On one side of this race, one candidate has tried to make this race entirely an effort to legalize abortion in the state of Wisconsin. Abortion is the intentional taking of a human life. It is murder. Our Catholic faith is clear that this is grave sin. … As a Catholic, I urge you, for the salvation of your soul; do not vote for her in the Supreme Court race on April 4.

Such partisan campaigning is a flagrant violation of IRS rules that govern an organization’s tax-exempt designation, FFRF points out. The violation even caught the attention of Cottage Grove’s U.S. Rep. Mark Pocan, who initially retweeted the message, criticizing the church.

“The Internal Revenue Code states that to retain their 501(c)(3) status, an organization cannot ‘participate in, or intervene in (including the publishing or distributing of statements), any political campaign on behalf of (or in opposition to) any candidate for public office,’” FFRF Staff Attorney Chris Line writes to the IRS. “In this instance, St.

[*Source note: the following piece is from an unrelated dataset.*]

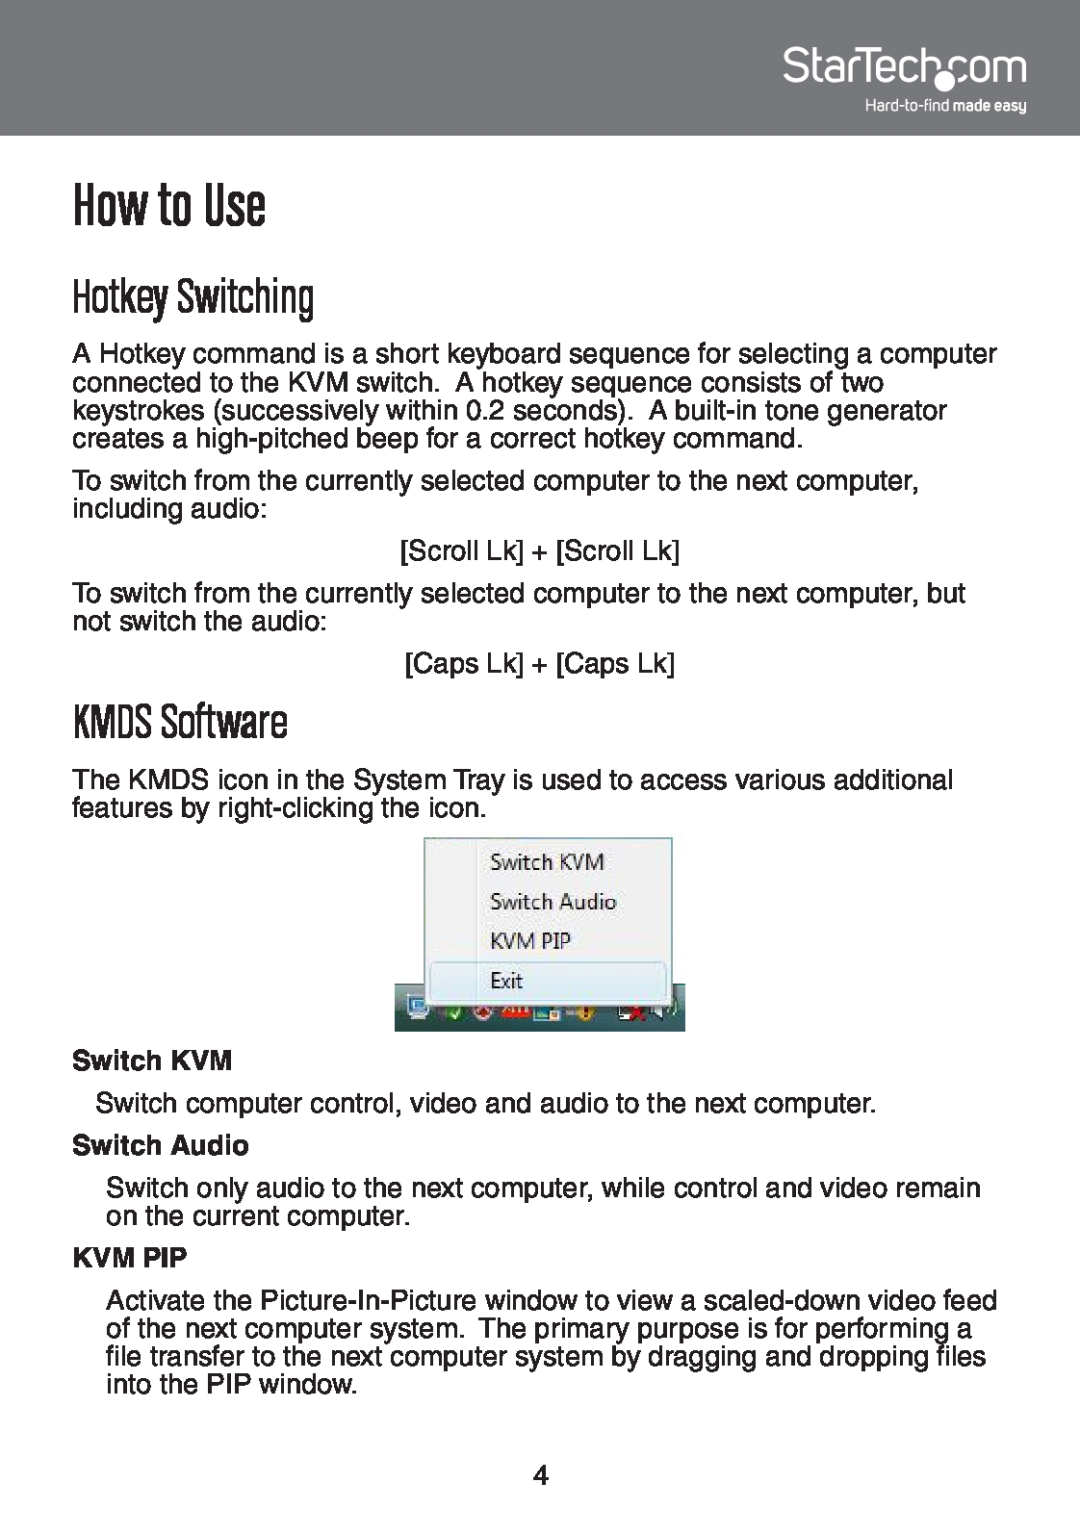 StarTech.com SV231UAF instruction manual How to Use, Hotkey Switching, KMDS Software, Switch KVM, Switch Audio, Kvm Pip

Patrick’s Catholic Church has breached the responsibilities of its tax-exempt status by openly opposing a candidate for elected office.”

FFRF is calling for the IRS to immediately investigate St. Patrick’s Catholic Church to ensure that it no longer receives 501(c)(3) benefits and that donations made to the church are no longer treated as tax deductible. The public essentially subsidizes the work of 501(c)(3) entities, so if this prohibition is unethically violated, it creates an unfair political advantage. Tax-deductible donations may not be used for political speech or donations.

The Freedom From Religion Foundation is a registered 501(c)(3) and it takes this designation, along with the accompanying benefits and responsibilities, very seriously. By posting a message that discourages parishioners from voting for a candidate currently running for office, Dulli and the St. Patrick’s Catholic Church have made it clear that the church is not deserving of its tax exemption.

“St. Patrick’s Catholic Church is not only gleefully abusing its tax-exempt status,” says FFRF Co-President Annie Laurie Gaylor, “but its pastor is engaging in spiritual blackmail of his congregation. If Pastor Dulli wishes to engage in such politicking, then he and his church should no longer be receiving 501(c)(3) benefits.”

The Madison-headquartered Freedom From Religion Foundation is a national nonprofit organization with almost 40,000 members across the country, including over 1,600 members in Wisconsin. Its purposes are to protect the constitutional principle of separation between state and church, and to educate the public on matters relating to nontheism.